Motor is 3 horsepower Brooke Compton.

I don'tknow much about motors how to wire if possible vs 3 phase schematic.

Anybody know?

Bob


----------



## pdentrem (Dec 28, 2012)

You have to look at the motor tag. It will show whether or not you can have 2 speeds. Here is a sample motor tag from a 3 phase motor. 

Once you confirm that it can do it, you will have to rewire via switch box to give you Hi and Low.
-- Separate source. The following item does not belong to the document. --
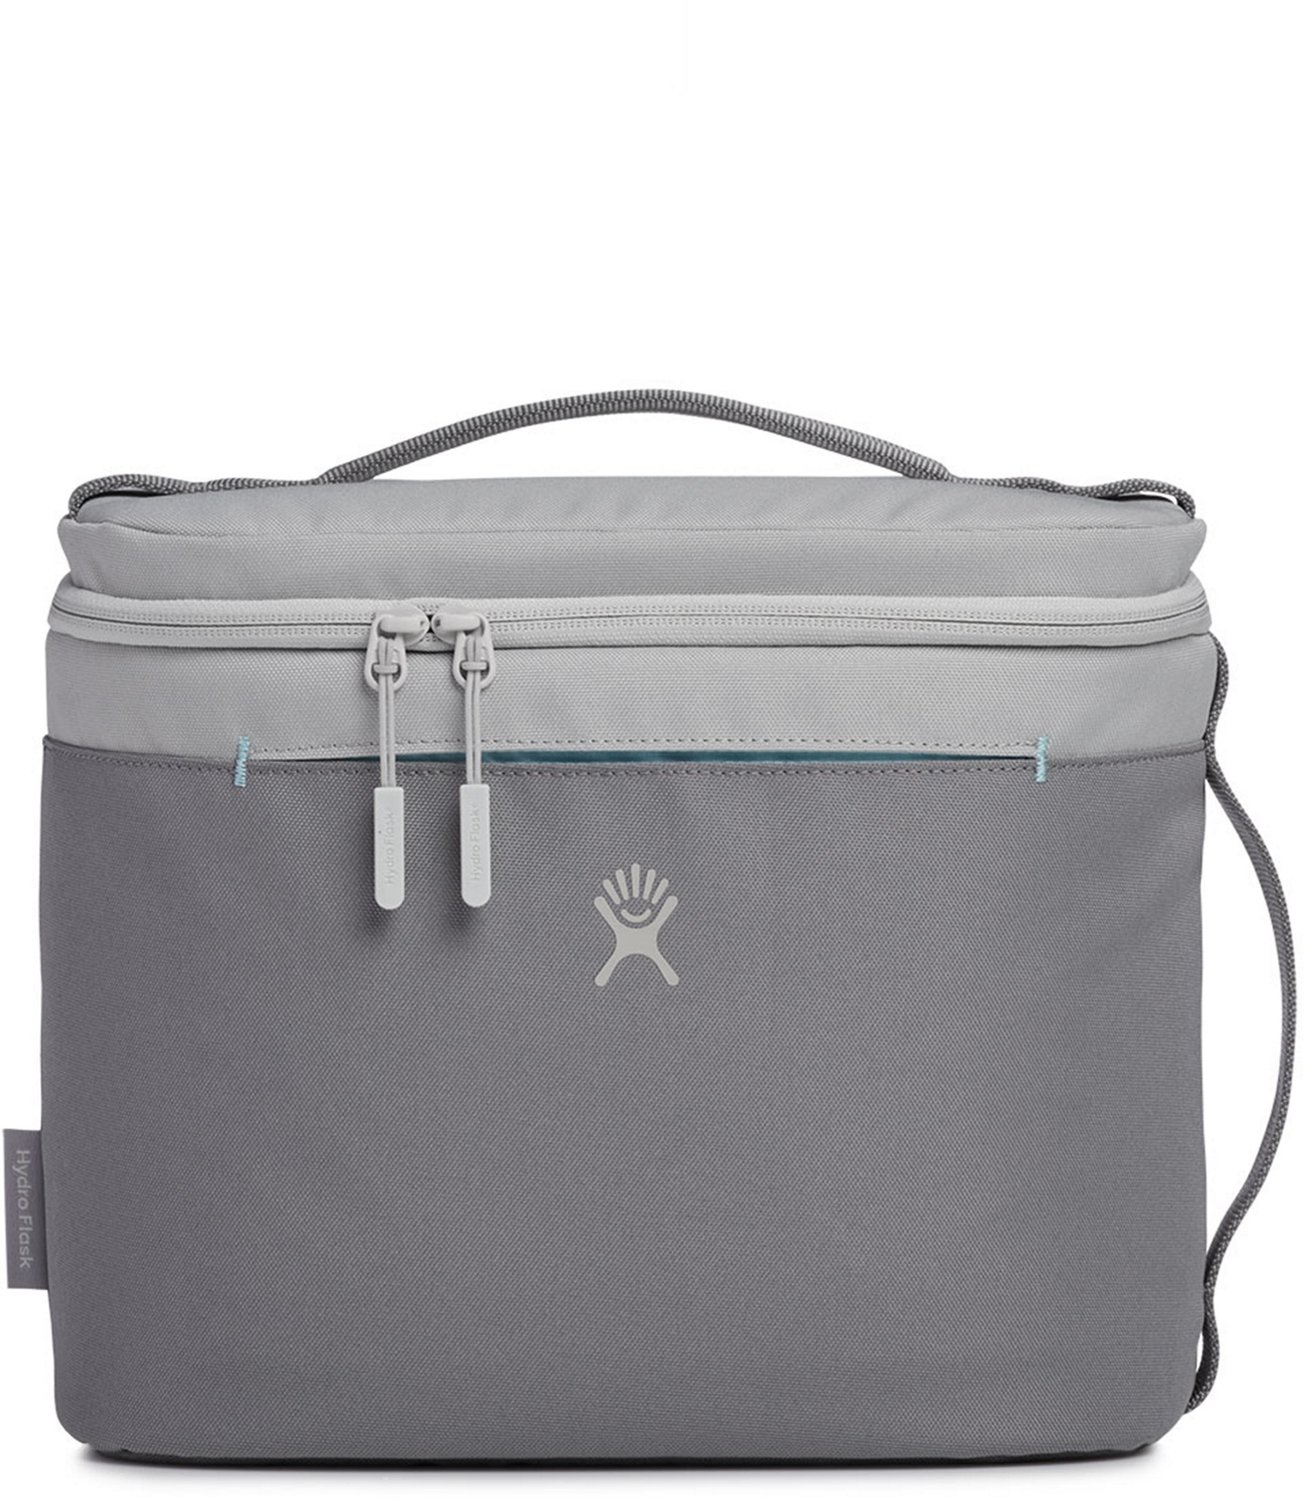 Hydro Flask 8L Insulated Lunch Bag | Free Shipping at Academy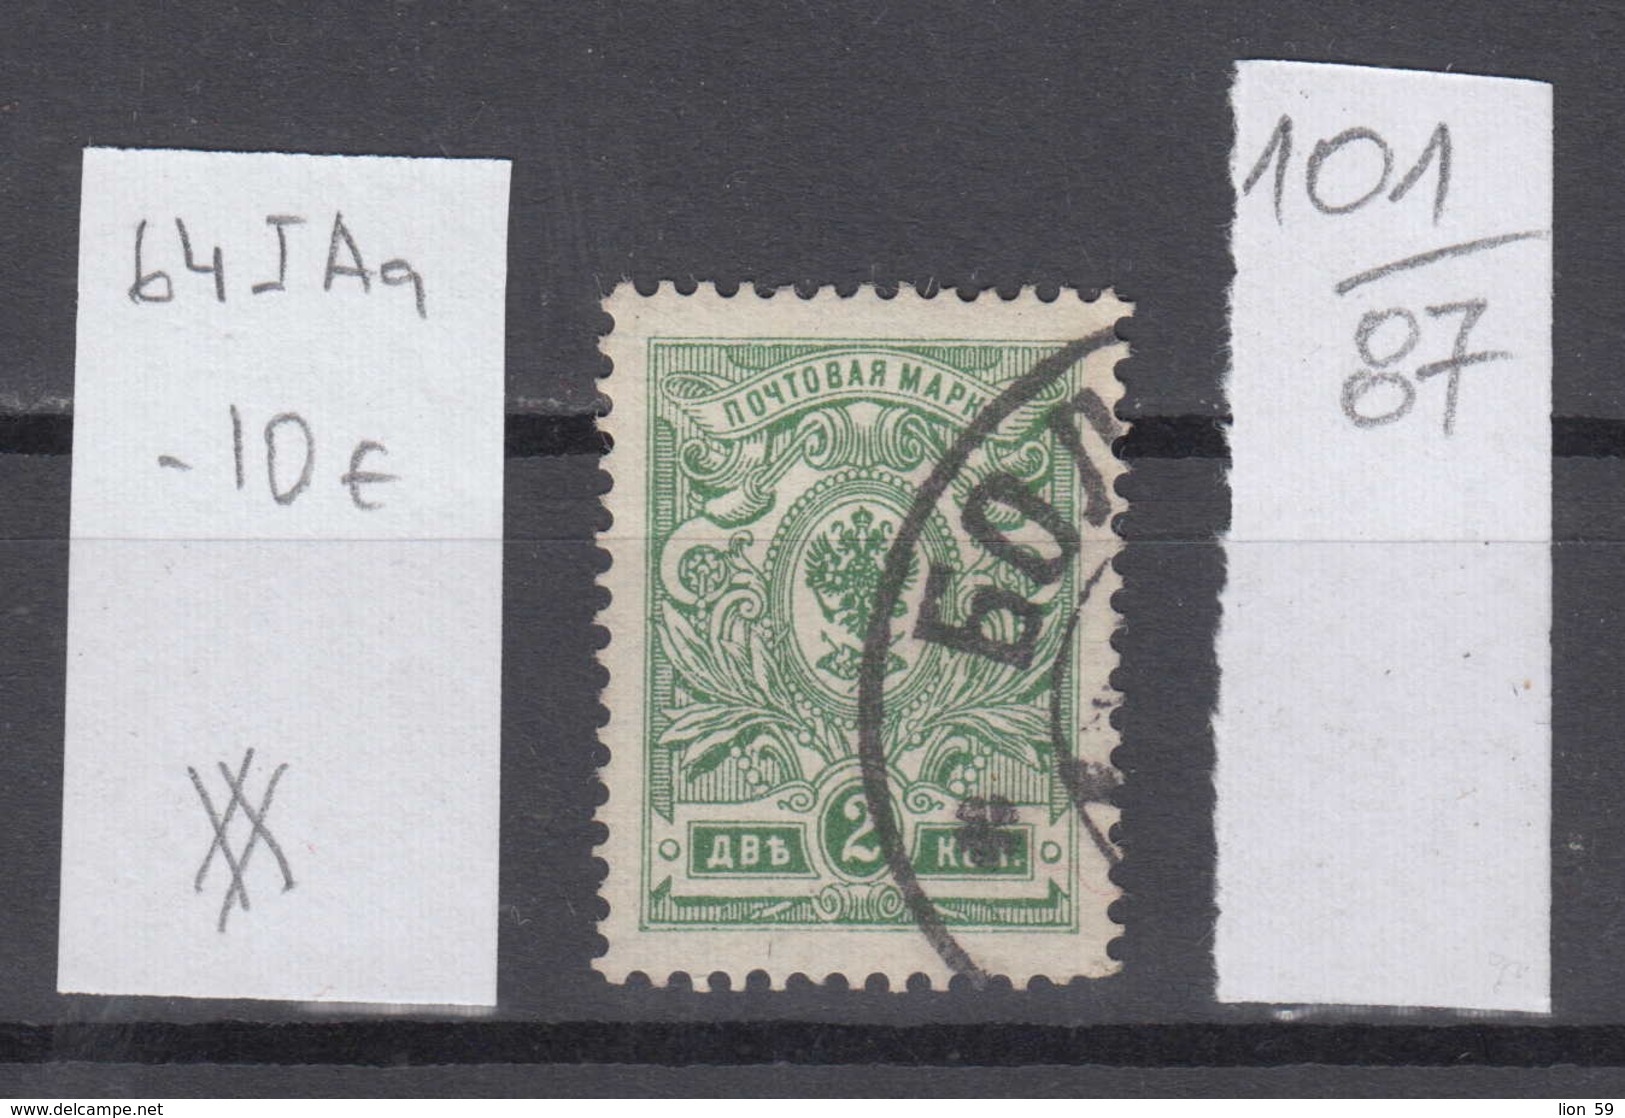 87K101 / 1908 - Michel Nr. 64 I A A - 2 K. , OWz , 14 1/4 : 14 3/4  Freimarken , Staatswappen ,used ( O ) Russia Russie - Usati

You should find a motor shop to help you with this as it will be tough to do without some experience.
Pierre


----------



## Ray C (Dec 28, 2012)

The motor must be designed to run at 2 speeds.  Most are not 2 speed.  Info on the motor-plate will tell you.    I assume your service power is single phase 220.  If your switch-box was made for 3 phase, it's unlikely it can be reused for single phase.

Sounds like you're converting a 3-phase machine to single phase.  You might consider keeping the 3-Phase motor and using a VFD to convert single phase to 3-phase.  If you go that route, you should not put a switch in between the VFD and motor as it will burn-up the VFD in time.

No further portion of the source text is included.